In 1979 a military junta took power backed by the United States. The Salvadorian civil war ensued in which an unknown number of people were disappeared and 75,000 killed, including Archbishop Óscar Romero. Throughout this time, the junta were supported with extensive loans. Between 1979 and the end of civil war in 1992, the debt increased from $500 million to $2.2 billion. During this period, half of lending was from foreign governments, primarily the United States. A third was from international institutions, the vast majority of which was from the Inter-American Development Bank, IMF and World Bank.

At the end of the war, government foreign debt payments were over 20 per cent of exports. Through the 1990s the debt was stable, but shot-up at the turn of the millennium when El Salvador switched to the dollar (unusually choosing to do so, rather than being forced into it by hyperinflation). The global financial crisis further weakened El Salvador’s economic situation, with the country entering recession in 2009.

El Salvador has not been eligible for international debt relief schemes because it is ‘too rich’, with a national income per person of $4,200 (£2,800). However, 12 per cent of the population are malnourished, up from 9 per cent at the turn of the millennium. The World Bank says 17 per cent of the population live on less than $2 a day, barely down from 19 per cent in 1995.

El Salvador’s government external debt is now 28 per cent of GDP, around $7 billion. Government reserves have been used to help meet high debt payments over recent years, being depleted by $400 million a year, to $2.1 billion in 2011.

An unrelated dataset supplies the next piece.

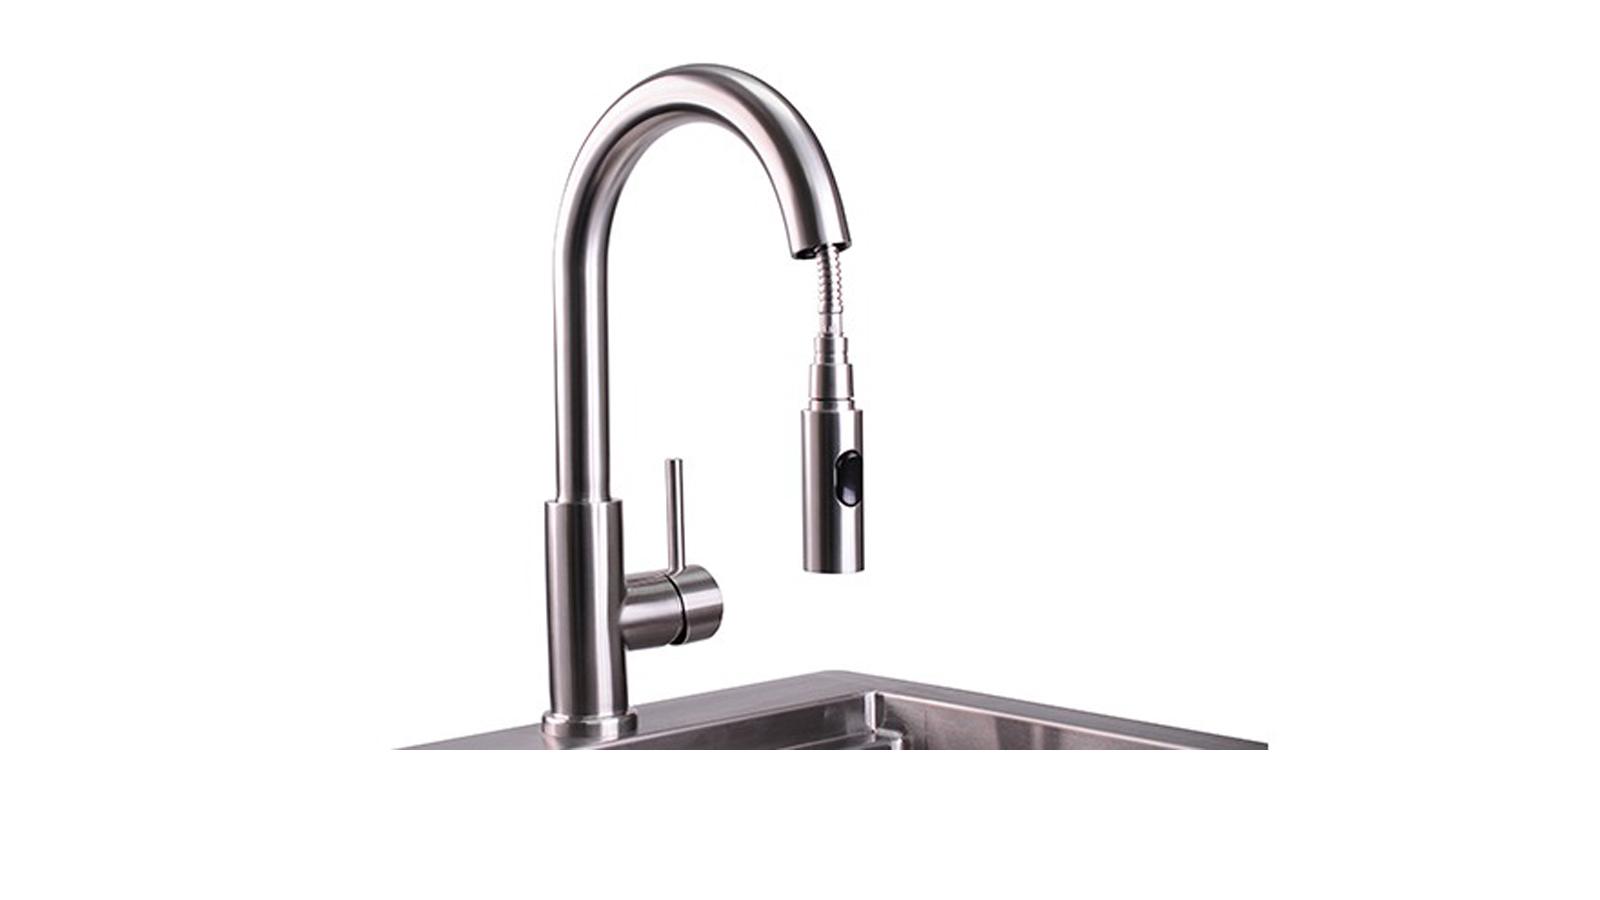 Professional Gooseneck Pull Down Faucet (LPFK)

The government spent $970 million (24 per cent of government revenue) on external debt payments in 2011. Between 2011 and 2013, El Salvador has had an agreement to borrow up to $800 million from the IMF, though has not actually taken any of the money. In negotiations on any similar programme, the IMF wants all political parties to agree on economic policies so that they will not change following the elections. El Salvador is due to hold Presidential elections in 2014, and parliamentary elections in 2015.